この記事の後半では、和光市が公式に公表している「申請から利用開始まで概ね3か月程度」という目安を、近隣の朝霞市・新座市の記事を書く中で参考情報として引用してきた経緯についても触れます。

和光市で重度訪問介護を申請する流れを示すフロー図。相談、支給申請書の提出、認定調査、審査会・支給決定、サービス等利用計画、事業者契約・利用開始の順に進むことを表す。
和光市で重度訪問介護を申請する流れを示すフロー図。相談、支給申請書の提出、認定調査、審査会・支給決定、サービス等利用計画、事業者契約・利用開始の順に進むことを表す。

そもそも重度訪問介護とはどんなサービス?

長時間ヘルパーが自宅に滞在し、見守り・食事・入浴・医療的ケアなど生活全般を支えるサービスです。障害支援区分4以上の方が対象で、市区町村の支給決定を受けて利用します。

「重度訪問介護」という名前は聞いたことがあっても、普通の訪問介護(居宅介護)と何が違うのか分かりにくいという声をよくいただきます。もっとも大きな違いは、支援の時間の長さです。居宅介護が1回30分〜1時間程度の訪問であるのに対し、重度訪問介護は朝から晩まで、あるいは夜通し、長時間にわたって同じヘルパーがそばにいて生活全体を支えます。

対象となるのは、原則として障害支援区分4以上の認定を受けた方です。ALS(筋萎縮性側索硬化症)、筋ジストロフィー、脳性麻痺、脊髄損傷などにより重度の肢体不自由がある方、あるいは重度の知的障害・精神障害がある方が主な利用対象になります。サービスの基本的な仕組みをまだ詳しく知らない方は、「重度訪問介護って何?」家族が知っておきたい基本をやさしく解説で全国共通の制度としての基礎を先に押さえておくと、この後の和光市固有の手続きの話が理解しやすくなります。

また、申請の全体像や必要な持ち物について、より基礎的な部分から知りたい方ははじめての障害福祉サービス|申請の流れを5ステップでわかりやすくもあわせてご覧ください。

和光市で重度訪問介護の申請窓口はどこ?

和光市役所 福祉部 障害福祉課の障害支援担当が申請窓口です。障害福祉課はもう1つ、手帳や手当を扱う障害給付担当を持つ2係体制です。

和光市の障害福祉に関する窓口は、次のように分かれています(出典: 和光市「障害福祉課」)。

  • 住所: 埼玉県和光市広沢1-5(市役所1階)
  • FAX: 048-466-1473
  • 障害支援担当(048-424-9123): 障害福祉計画、サービス事業者の指定・指導監督、相談支援や支給決定など。

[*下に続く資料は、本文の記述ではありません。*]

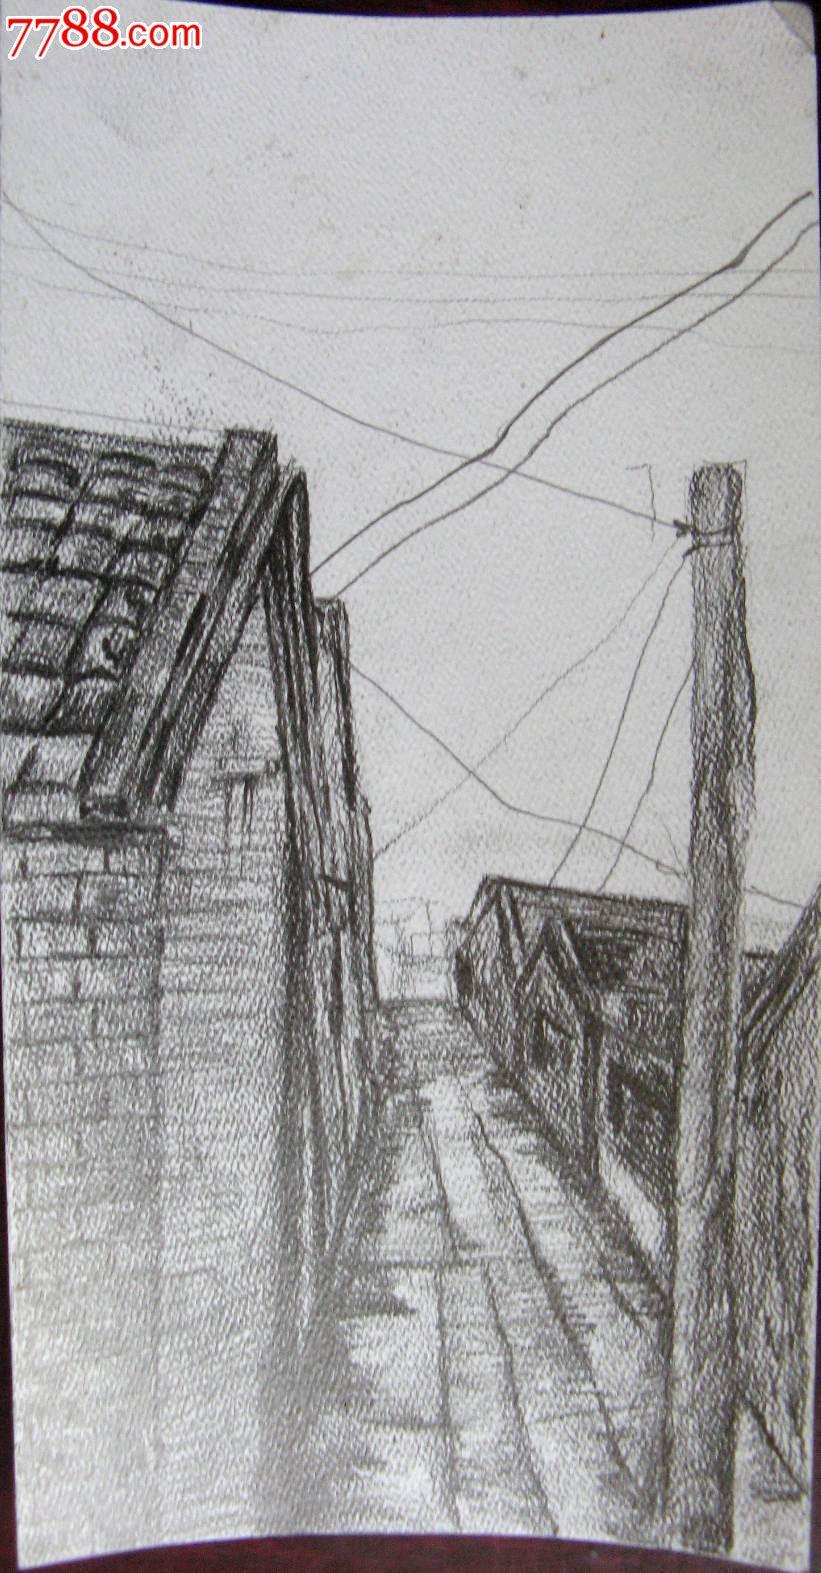 素描 速写 建筑写生 线描 建筑轮廓 卡通 手绘 风景 背景 矢量 城市图片

重度訪問介護の相談・申請はここが窓口です
  • 障害給付担当(048-424-9139): 障害者手帳、在宅重度心身障害者手当・特別障害者手当などの各種手当、重度心身障害者医療費・自立支援医療費などの給付業務

朝霞市や新座市も同じように障害福祉の担当課が複数の係に分かれていますが、係名の付け方や業務の分け方は市区町村ごとに異なります。和光市の場合は「支援」と「給付」で分かれており、重度訪問介護の利用相談・申請は支援担当(048-424-9123)にかければ間違いありません。手帳や手当についてあわせて聞きたい場合は、給付担当(048-424-9139)に取り次いでもらうか、直接そちらにかけると早く済みます。

和光市での申請から利用開始までの流れは?

「相談→申請書の提出→認定調査→勘案事項調査・審査会での判定→支給決定→サービス等利用計画の作成→事業者との契約→サービス利用開始」という順序で進みます。

障害福祉サービスの利用には、全国共通でおおむね以下の手続きが必要です(出典: 厚生労働省「障害程度区分認定の流れ」、和光市「障害福祉サービス等の利用方法」)。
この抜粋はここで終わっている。